==== Data provided

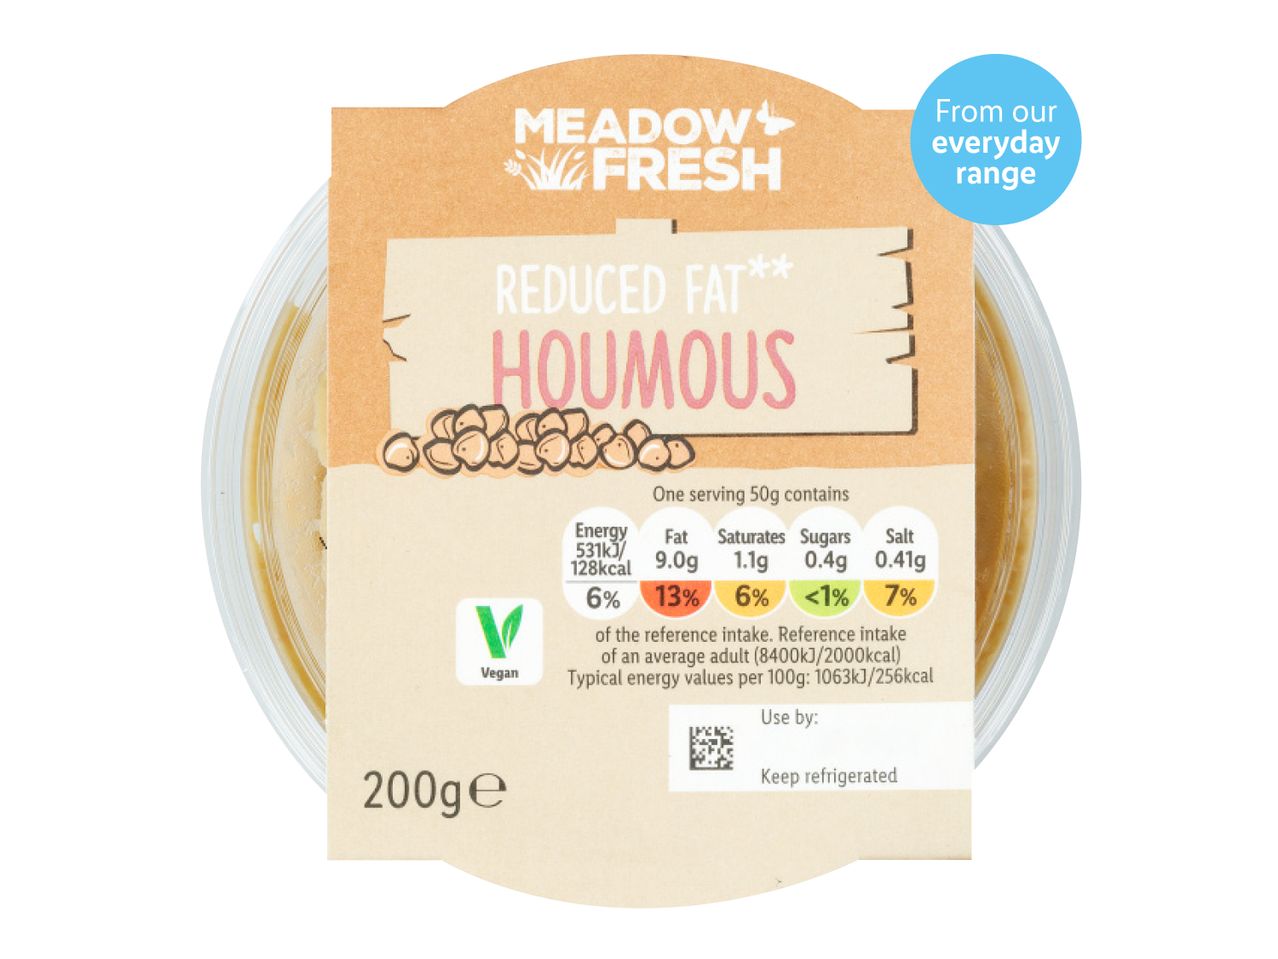 Go to full screen view: Meadow Fresh Houmous - Image 1
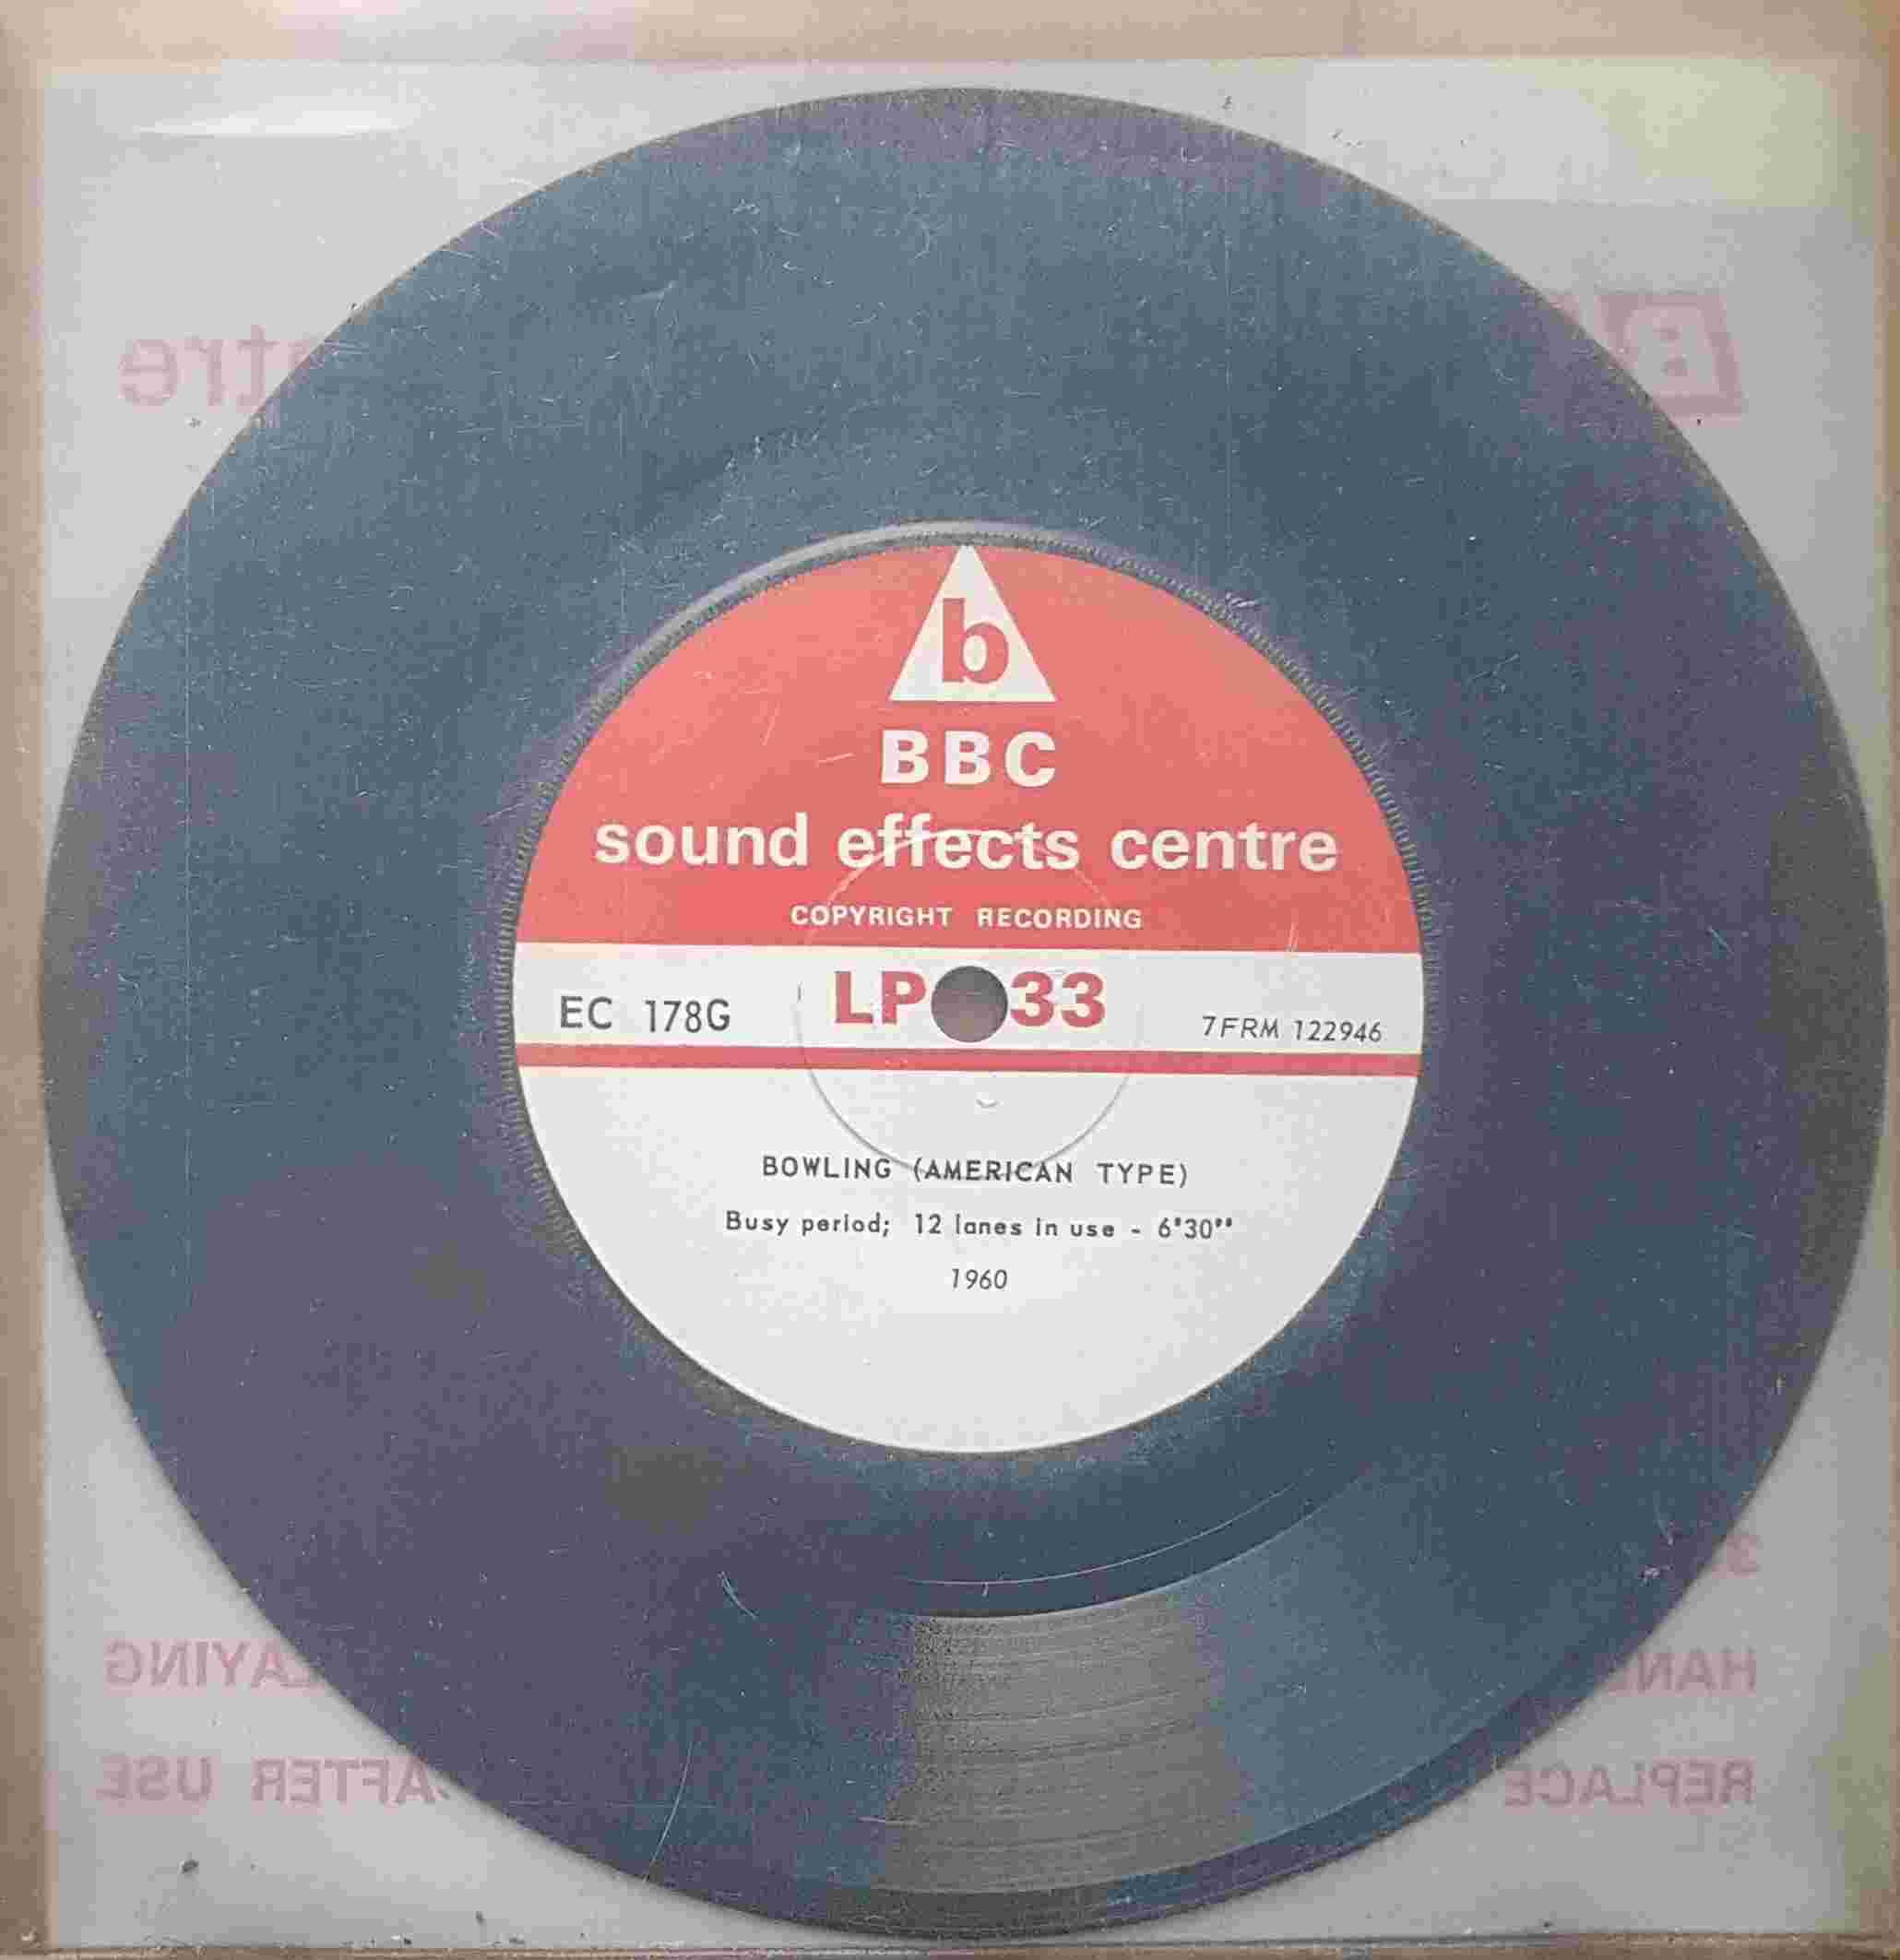 Picture of EC 178G Bowling (American type) by artist Not registered from the BBC records and Tapes library
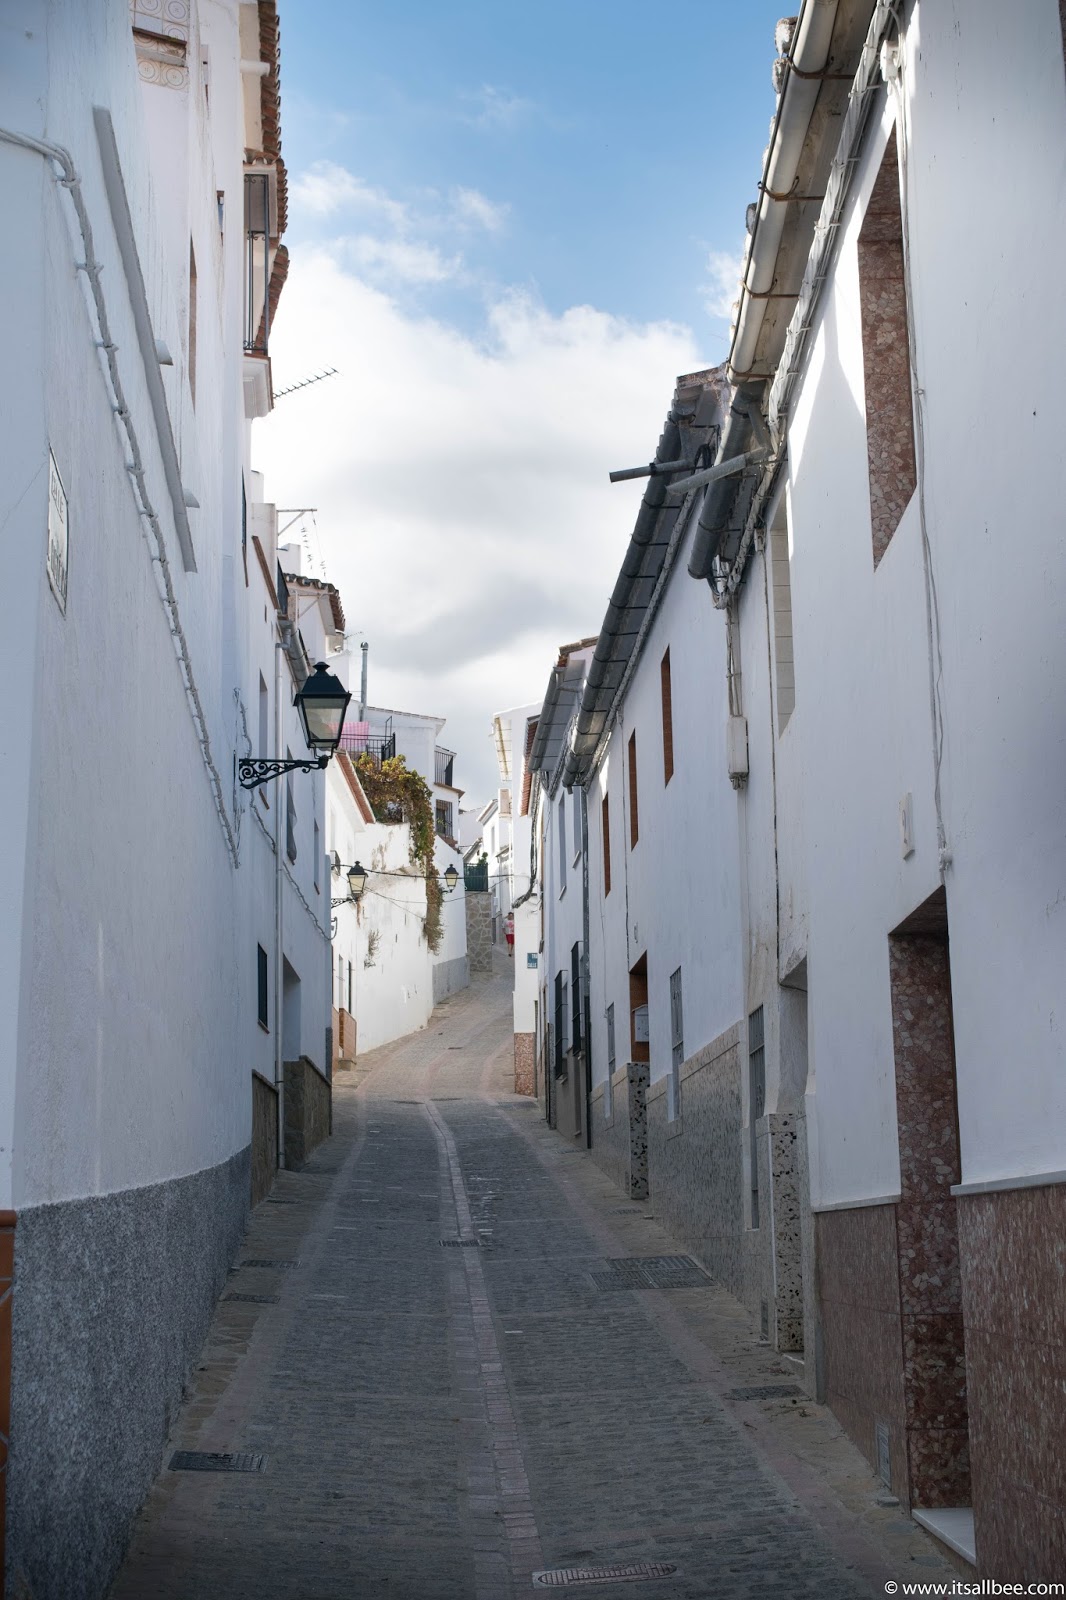 Andalucia Villas | 4 Ways To Experience Andalucia Like A Local

========

_Problem_
Copy exactly, and copy only, the lines from the one bearing "Picture of EC" through the closing line of the material, with both ends kept and pictures removed.

_Response to this task_
 Picture of EC 178G Bowling (American type) by artist Not registered from the BBC records and Tapes library
 Andalucia Villas | 4 Ways To Experience Andalucia Like A Local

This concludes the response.